The team reportedly scanned over eight million artifacts in the most common open-source software registries, including npm, PyPI, RubyGems, and DockerHub, to find and verify leaked API tokens.

In the case of npm and PyPI packages, the scan also included multiple versions of the same package to try and find tokens that were once available but removed later.

The scan results showed that Amazon Web Services (AWS), Google Cloud Platform (GCP) and Telegram API tokens were the most leaked tokens. At the same time, the figures showed Amazon developers revoked 53% of all inactive tokens, while GCP only revoked 27%.

“Although the initial goal of their research was to find and fix false positives, the research team uncovered more active secrets than expected, which prompted the detailed analysis,” JFrog wrote in a report shared with Infosecurity.

“To complete the analysis, the team privately disclosed all leaked secrets to their respective code owners (ones who could be identified), offering them a chance to replace or revoke the secrets as needed.”
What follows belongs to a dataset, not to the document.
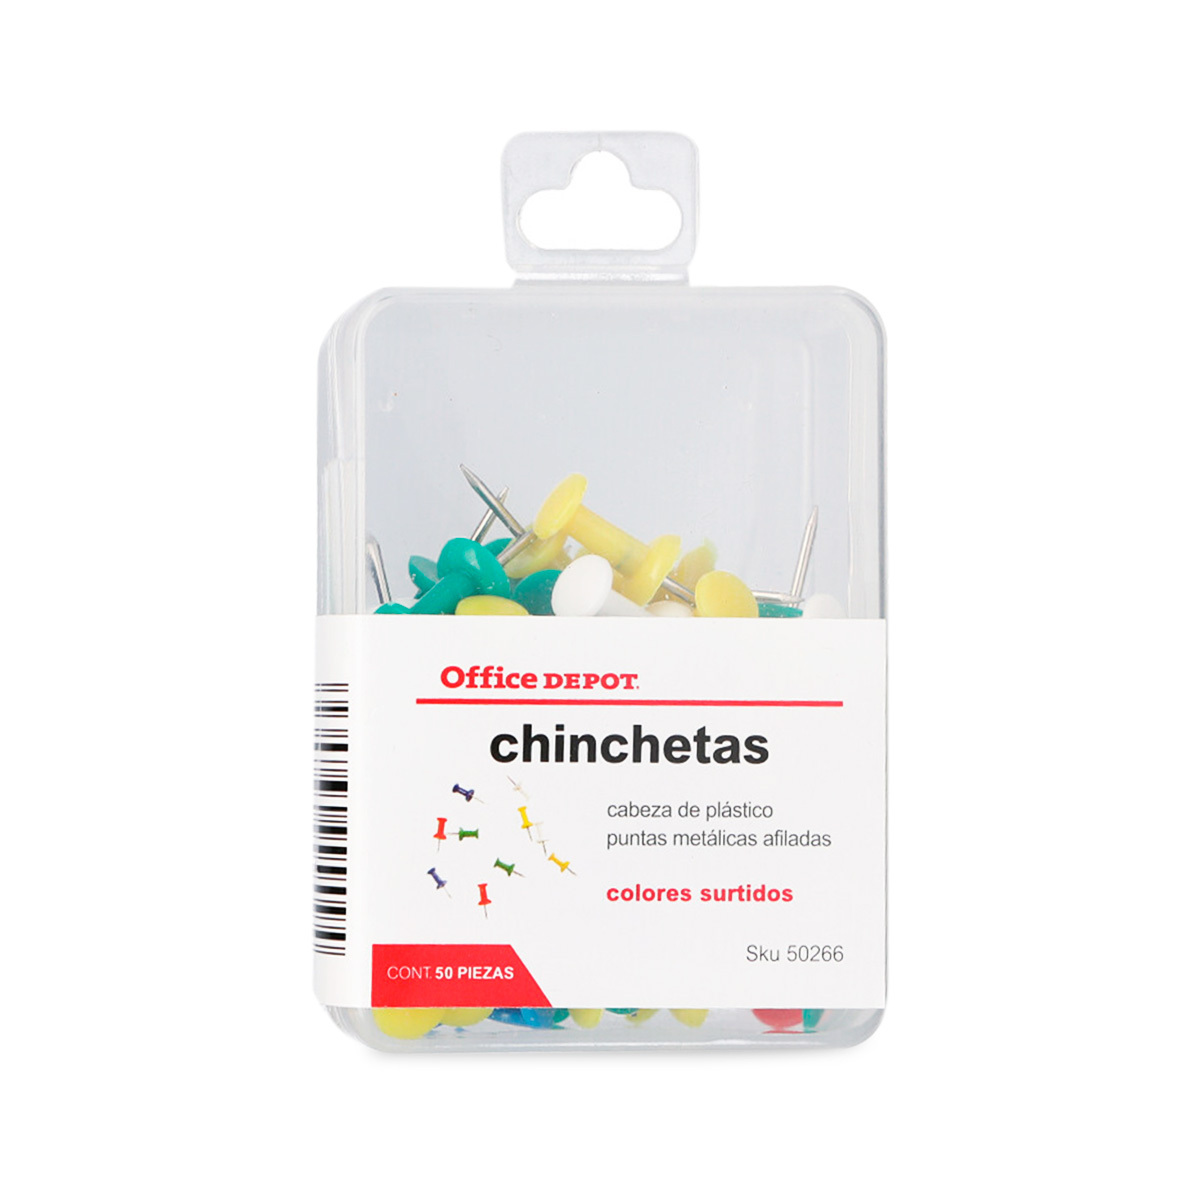 CHINCHETA CORCHO STANDARD DE COLORES 11MM 40U 0,65€
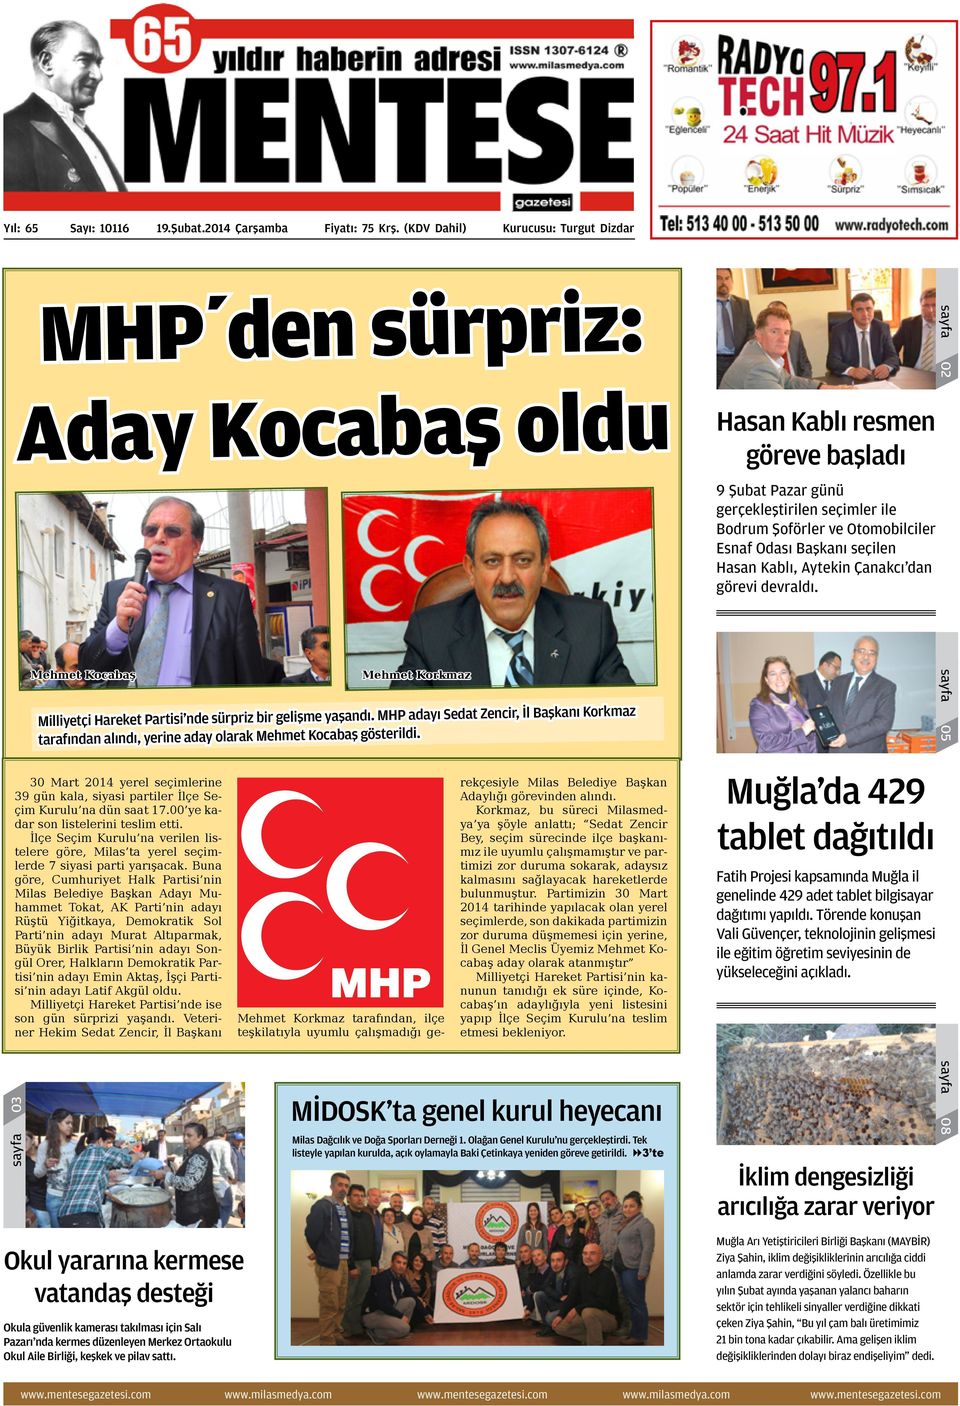 Esnaf Odası Başkanı seçilen Hasan Kablı, Aytekin Çanakcı dan görevi devraldı. sayfa 03 Mehmet Kocabaş Mehmet Korkmaz Milliyetçi Hareket Partisi nde sürpriz bir gelişme yaşandı.

Regarding what secrets had been disclosed, JFrog mentioned the list included plaintext API keys, credentials, expired certificates and passwords.

More information about the API tokens exposed by JFrog can be found on the company’s website. The technical write-up comes months after CloudSEK discovered over 3200 mobile apps were leaking Twitter API keys.

For more information on how to secure applications against API attacks, you can watch this recent webinar by Jonathan Care from Lionfish Tech Advisors.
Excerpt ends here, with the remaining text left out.